In summary, the circuit uses the TLV431 and it's reference and sensing resistor divider to set a trip point (somewhere around 2.65 V as I have it at the moment) the TLV431 then starts conducting, pulling current (this is where I get foggy) from the base of the PNP transistor (BC557) turning it on (hopefully in saturation). When it turns on the NPN gets (an unknown amount of?) base current, and turns on sinking the charge current (with a maximum of?) through a resistor and 'around' the capacitor cell.

Eventually I'd like to have this circuit in series with my series capacitor strings so that any stage in the stack never sees more than it's 2.7 V (2.65) so long as I stay under the dissipation capabilities of this circuit on the input.

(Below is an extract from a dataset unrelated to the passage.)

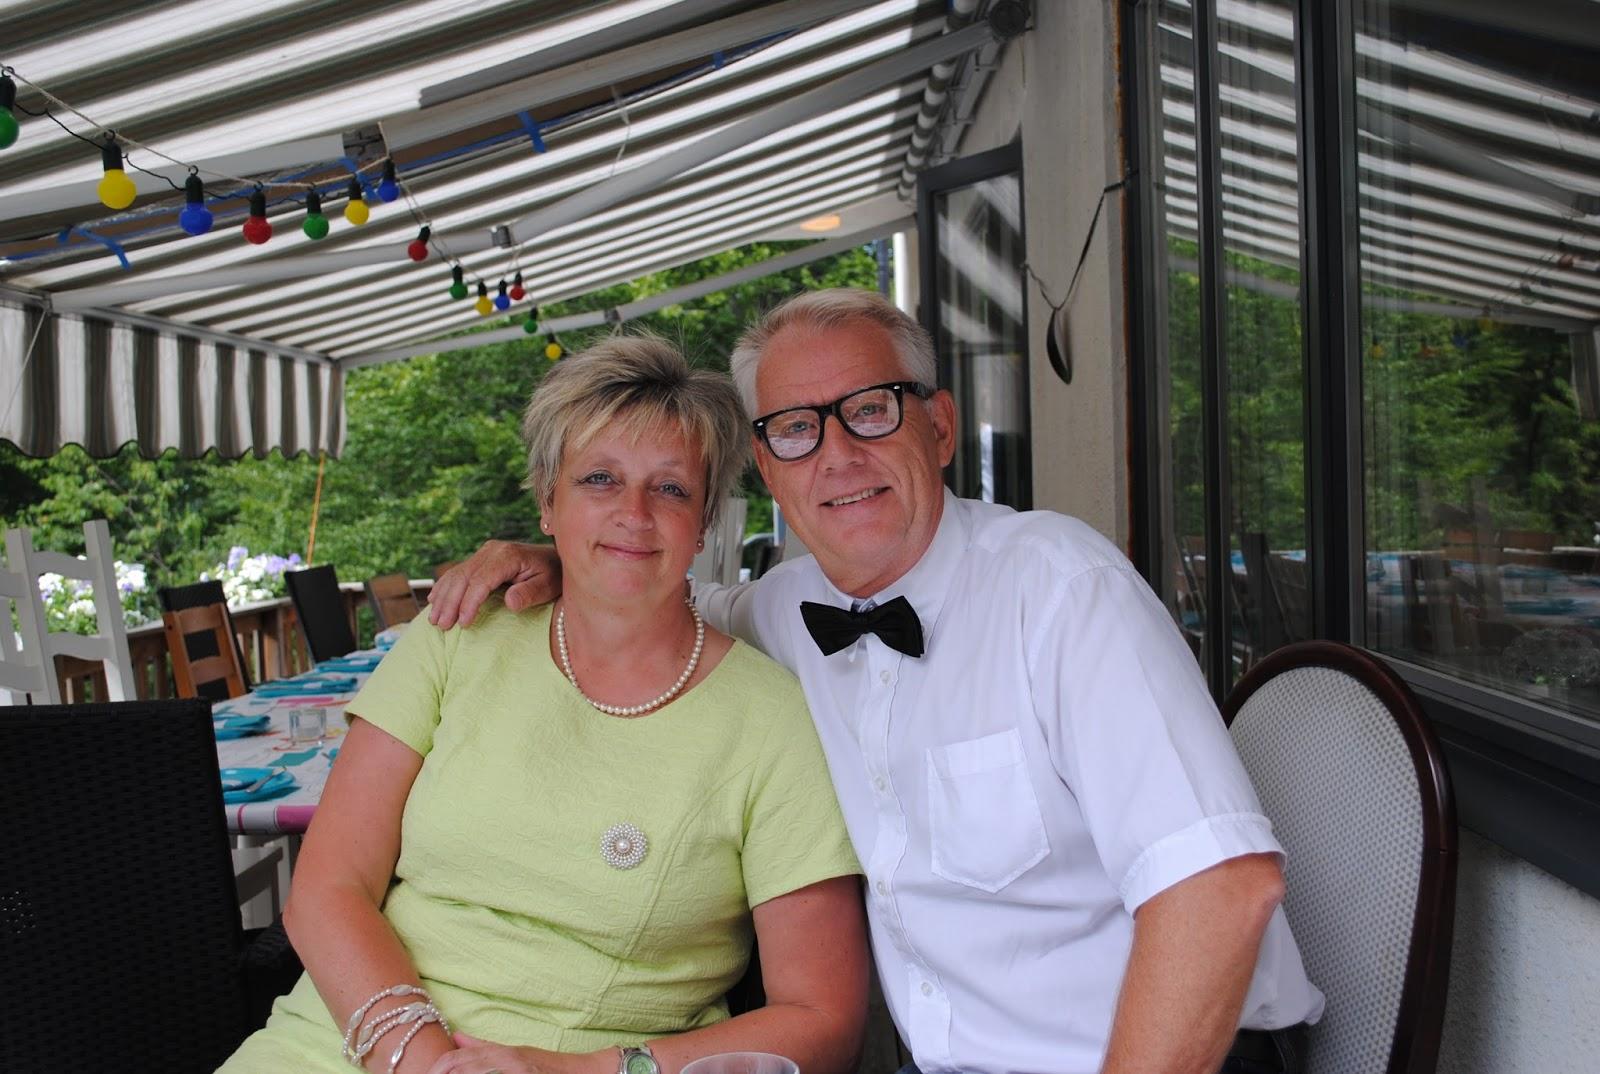 pappa 60 år Familjen Janetto: Pappa 60 år. pappa 60 år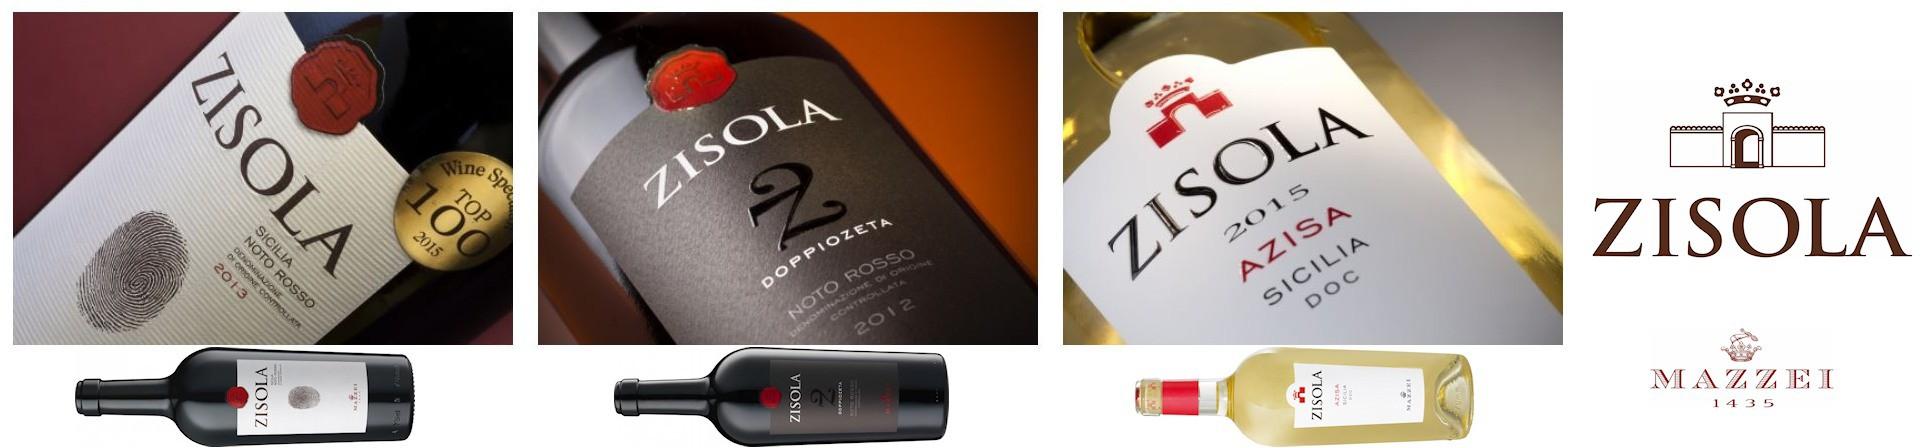 B2B GUSTOX - il Marketplace all'ingrosso delle eccellenze agroalimentari italiane - ZISOLA - Mazzei 1435

The current modules that I bought from eBay only seem to limit on supplies up to about 500 mA. I'd like to get this up to 2 - 3 or 4 amps. Let me know what you think - the specific question is about R3 value, R4 value, R5 value, and if a resistor is required between the PNP and NPN base. Thanks!

enter image description here

I've seen versions of this circuit that omit the PNP base resistor, but I've added one because without it I think the TLV431 would burn and fail - perhaps someone could also clarify this aspect of the circuit? If anyone else is building protection circuitry around the TLV431/TL431 for 2.7V supercapacitors I'd really appreciate you chiming in!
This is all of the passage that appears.